Thanks to the increasingly cruel regime that now applies to benefits – which, we now know, David Cameron wants to make yet crueller – the latter seem to be increasing in number by the week, pushed into their predicament by a system that can summarily ruin lives, but offer only the most sluggish remedies by way of appeal. By and large, they remain invisible, but their fate is starting to intrude on the news media: last week, a man set himself alight outside a Birmingham jobcentre, reportedly thanks to a “dispute over benefit payments”, an episode that occurred just as the Guardian was revealing rising concerns about suicides among people faced with so-called benefits “sanctions”. For an intimate picture of the misery and anxiety that lies behind all this, have a look at this film by my colleague John Domokos, partly centred on a family reduced to fretting over their last dregs of electricity, and apparently surviving on a diet founded on budget baked beans. The benefits system refuses to understand that one of them is a carer, whose obligations to his ill wife mean that he cannot always make his appointments at the jobcentre.
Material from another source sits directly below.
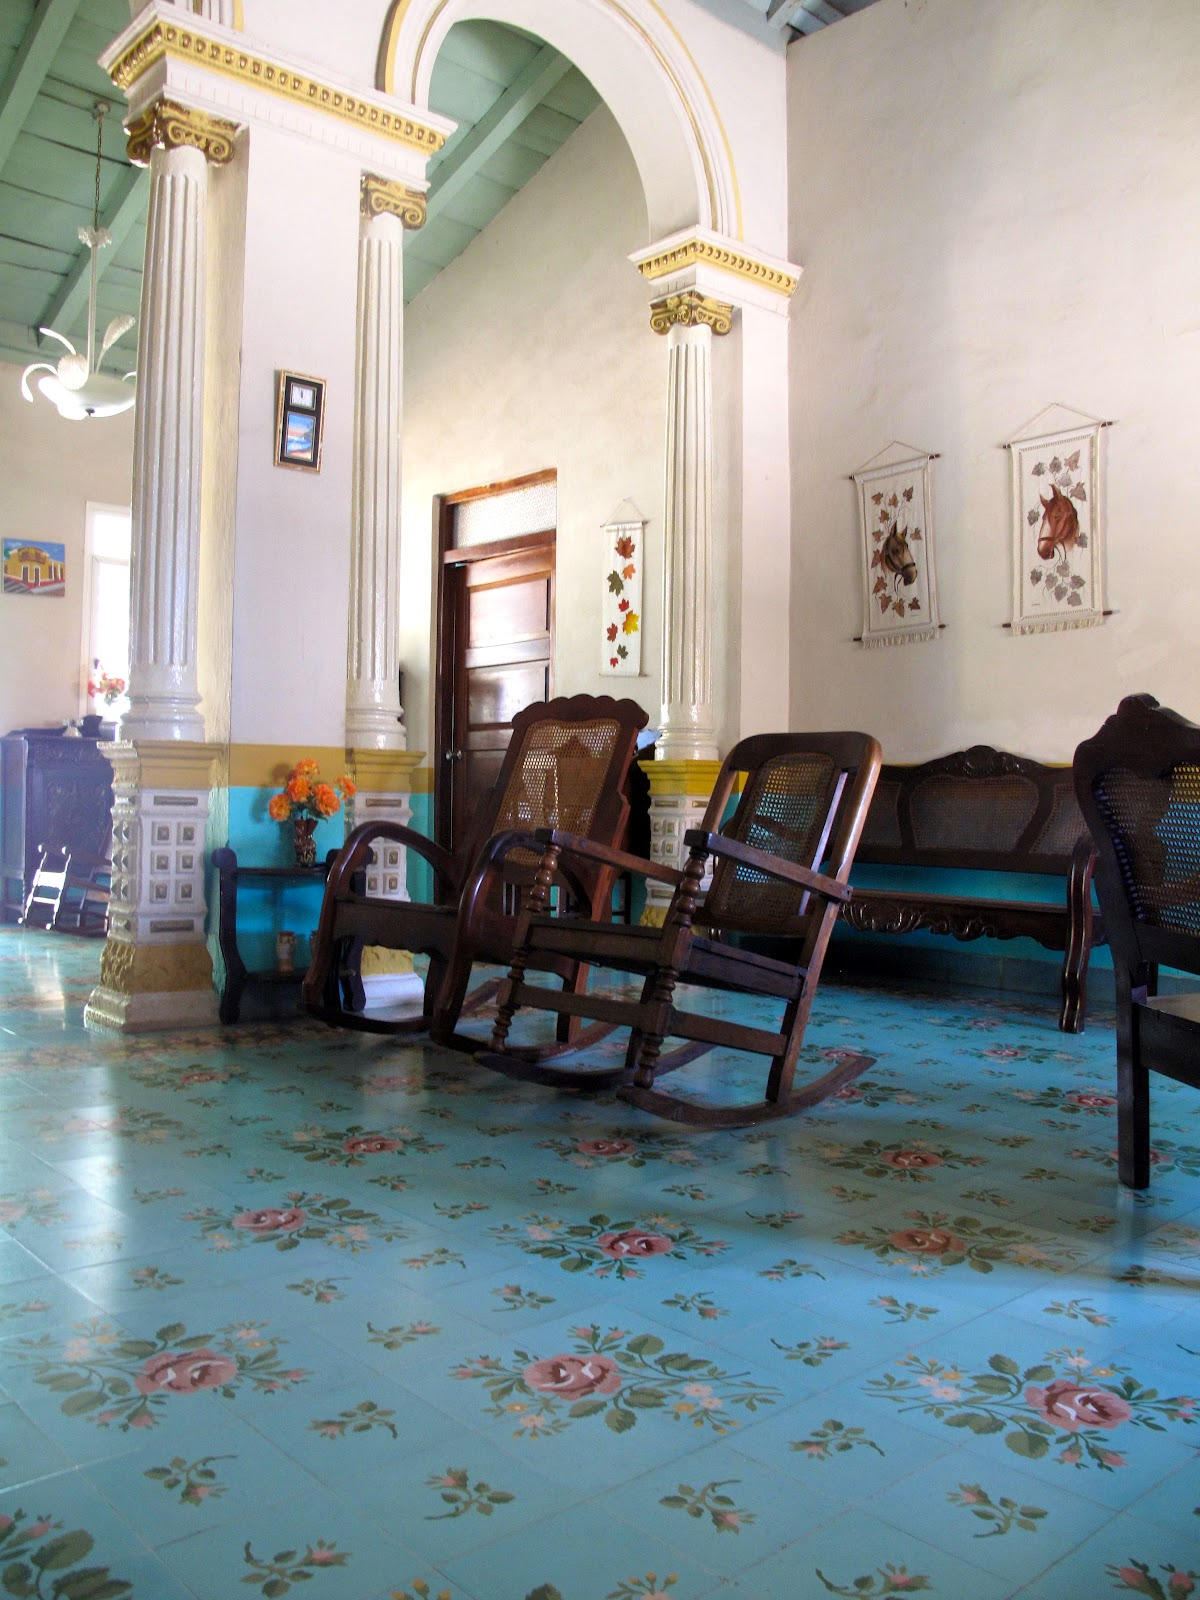 Design Interior Design Ideas For Small Design Living Room Ideas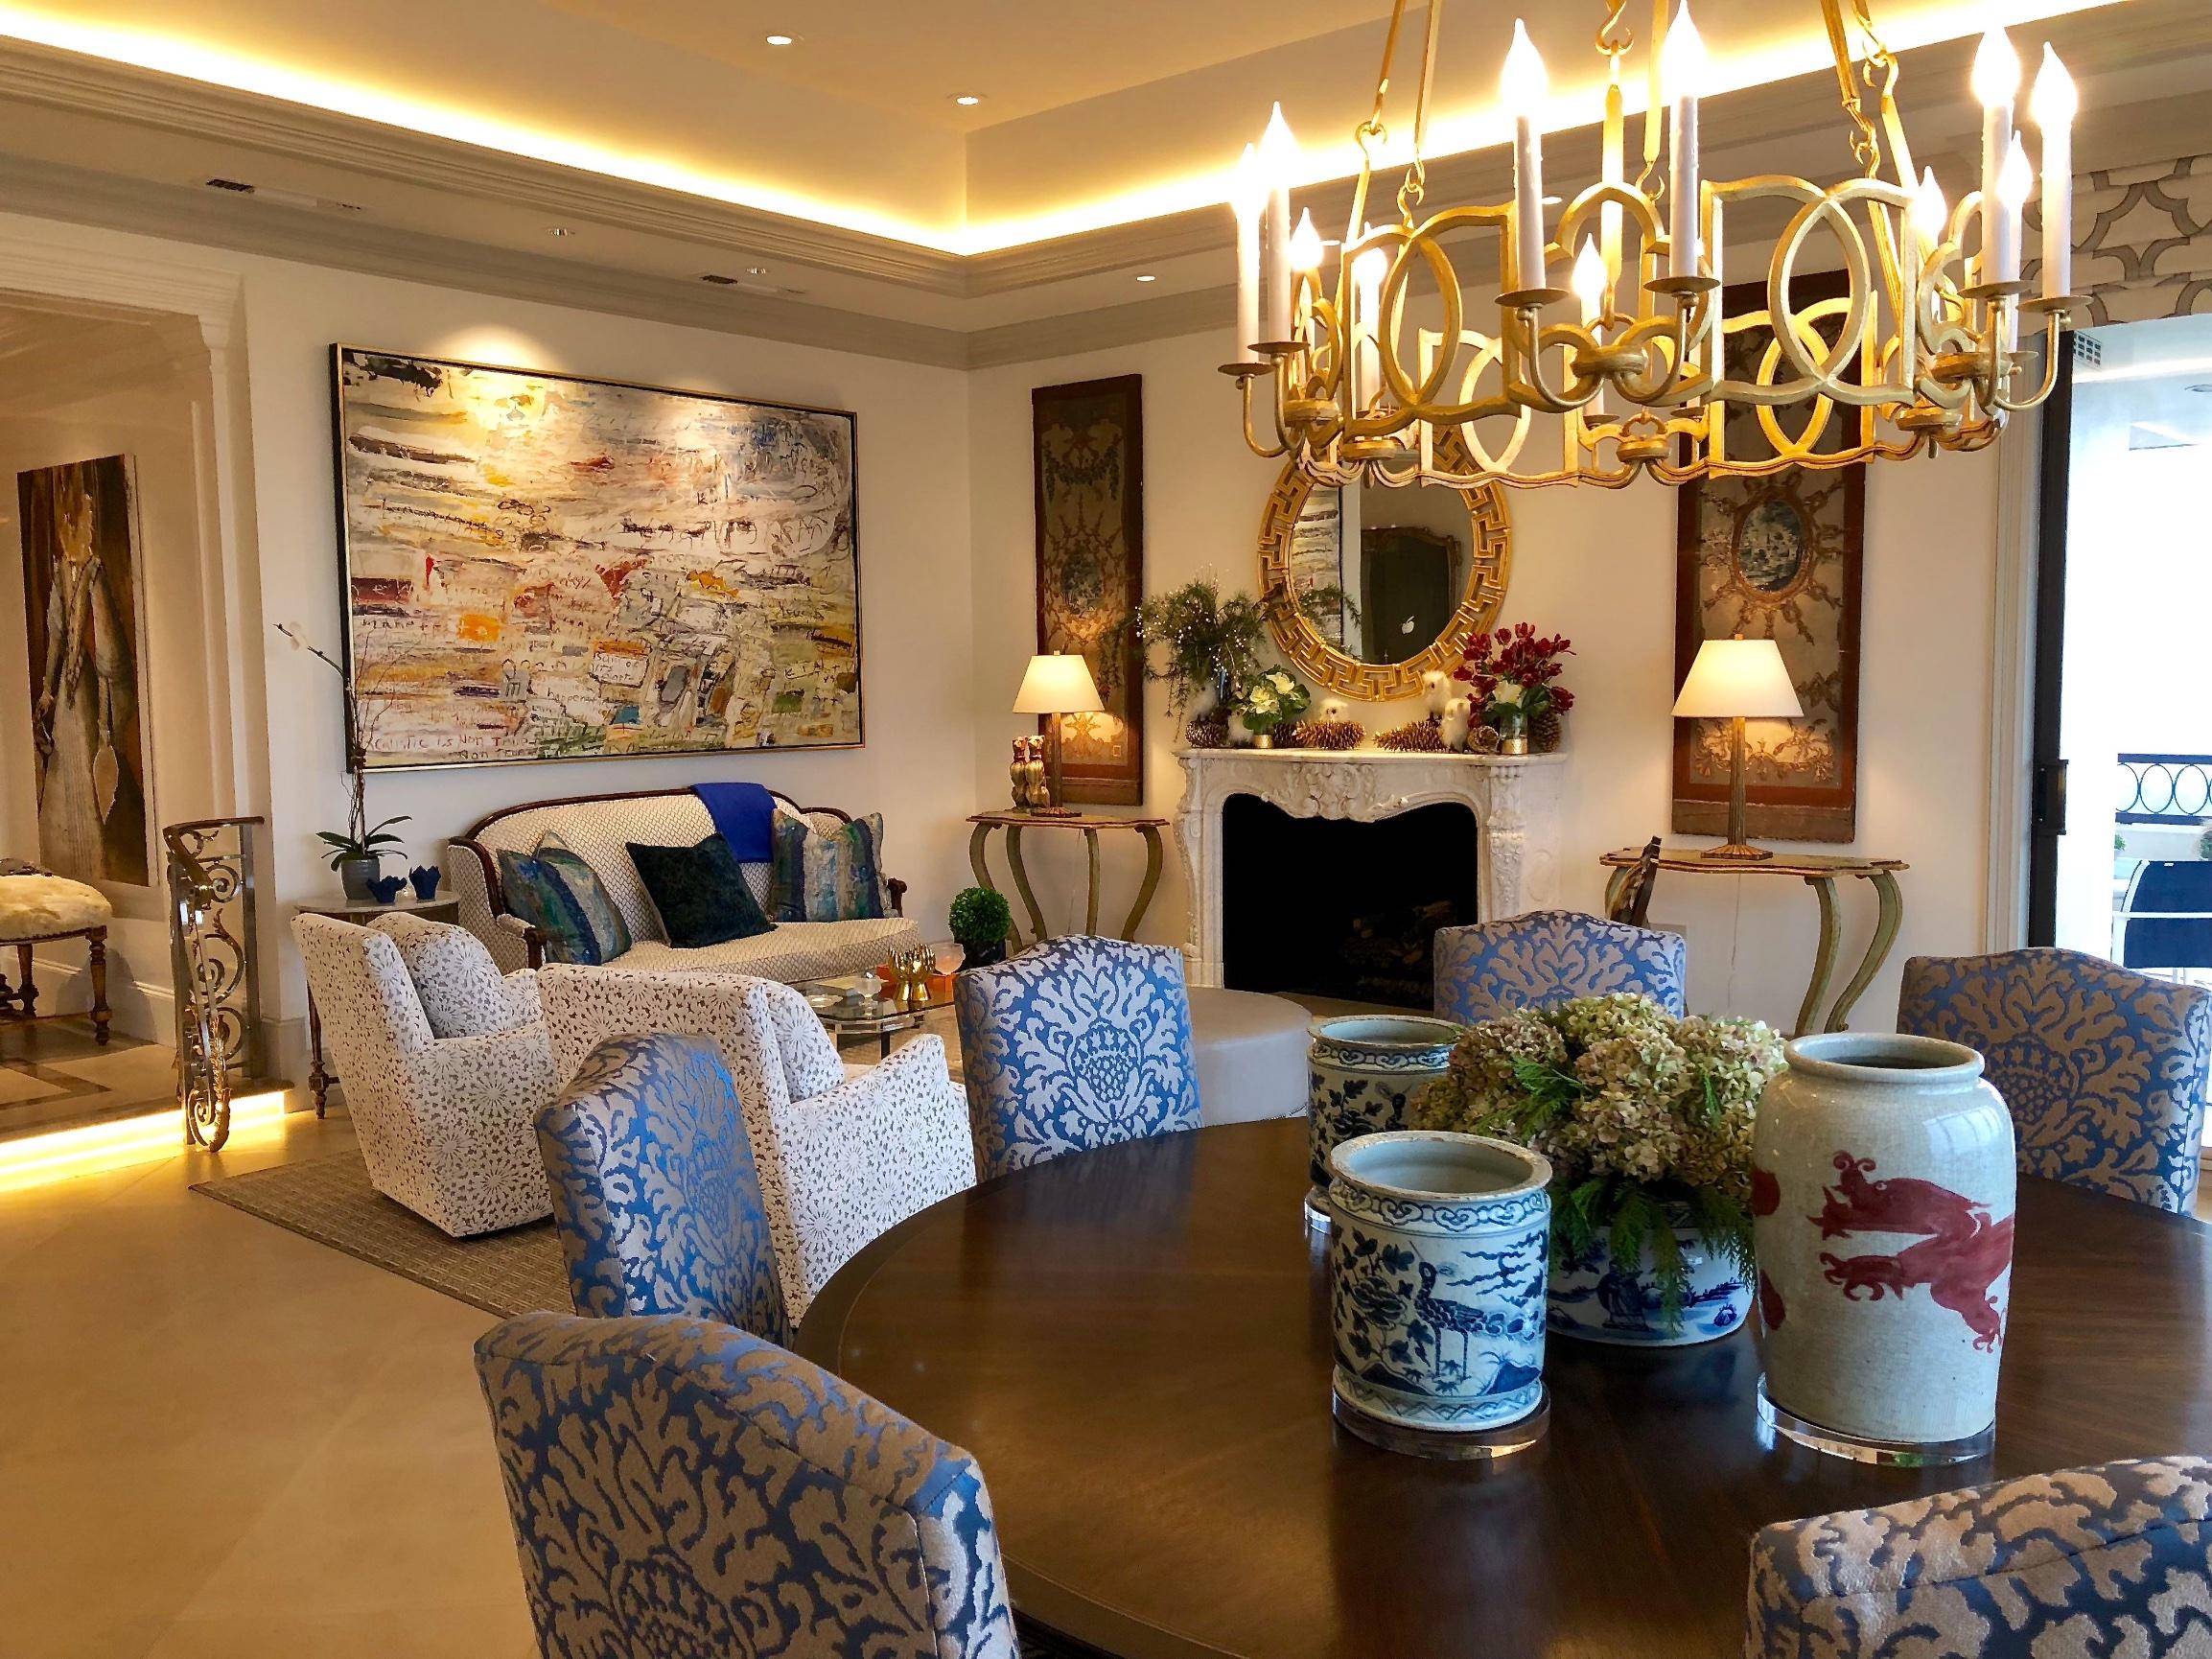 Blailock Design Is A Full Service Interior Design Firm Based In Houston,  Texas

Which brings us to revelations that appeared over the weekend, and the latest news about the government’s increasingly brutal welfare-to-work drive. Thanks to research by Corporate Watch and an article in the Observer, we know that the private companies involved in the government’s Work Programme have been pushing for unbelievable numbers of people to have their benefits cut, aiming at figures that even the ever-more stringent Jobcentre Plus regime has refused to sign off. Meanwhile, there’s a clear sense that in the context of a flatlining economy, the Work Programme’s targets – indeed, its entire logic – are proving impossible: the scheme’s core presumptions were based on economic growth of over 2%, and a revived job market. Given their non-appearance, the companies involved look they’re getting desperate, and in the absence of any convincing carrot, frantically reaching for the stick.
In the context of the firms’ returns, all this leaves an impossibly nasty taste. The best example is the welfare-to-work outfit A4e. This year, it has been blitzed with all those allegations of fraud; I’ve also reported on allegations of a “champagne culture”, company events held in upscale foreign locations, and the dizzying lifestyle led by its former chair and public face, Emma Harrison, who last year paid herself a dividend of £8.6m. And what apparently lies at the heart of all this opulence, and the activities of a firm that claims to be “social purpose company” with “one sole aim, to improve people’s lives around the world”? Over six months, 10,000 requests were made for its “customers” to have their benefits cut, of which only 3,000 were granted by Jobcentre Plus. Similar statistics for other companies abound: Working Links referred nearly 12,000 cases for sanctions, Serco managed just over 9,000, and G4s came in at 7,780. Such is the upshot of the stock warning that appears on most of the correspondence sent to Work Programme participants: “If you do not attend this appointment, your benefits could be affected.” And how.
This is yet another one of those stories that come with a head-spinning sense of how much Britain has changed, under this government and its predecessor. Rewind 15 years, and imagine the spectacle of hugely profitable private firms pushing for thousands of people to be propelled into borderline destitution: the result would have been acres of coverage, and molten anger. And now? Even backbench Lib Dems are predictably silent, and Labour restricts its criticisms of a system it invented to technocratic hand-wringing, focused not on any kind of moral outrage, but whether everything’s working, and how much it all might cost (“Chaos at DWP is stalling the government’s reforms … the welfare bill is going through the roof” was the response to Cameron’s welfare proposals of Liam Byrne, a man for whom the adjective “blank” might have been invented). Even the trade unions are bizarrely quiet. The reality is something to which mainstream politics cannot admit, and which bumps up against a cross-party accent on welfare being the last resort of malingerers: that people are living in fear and going hungry, and a cold state machine seems to have been designed to put them there.
Now, incidentally, we hear word that plenty of police officers are of the opinion that last year’s riots could easily be repeated. One hesitates, of course, to be alarmist. But as more and more people feel the cruelties of a policy that makes no sense – that people must be kicked into work, even if jobs don’t exist – has anyone considered that the two things might be connected?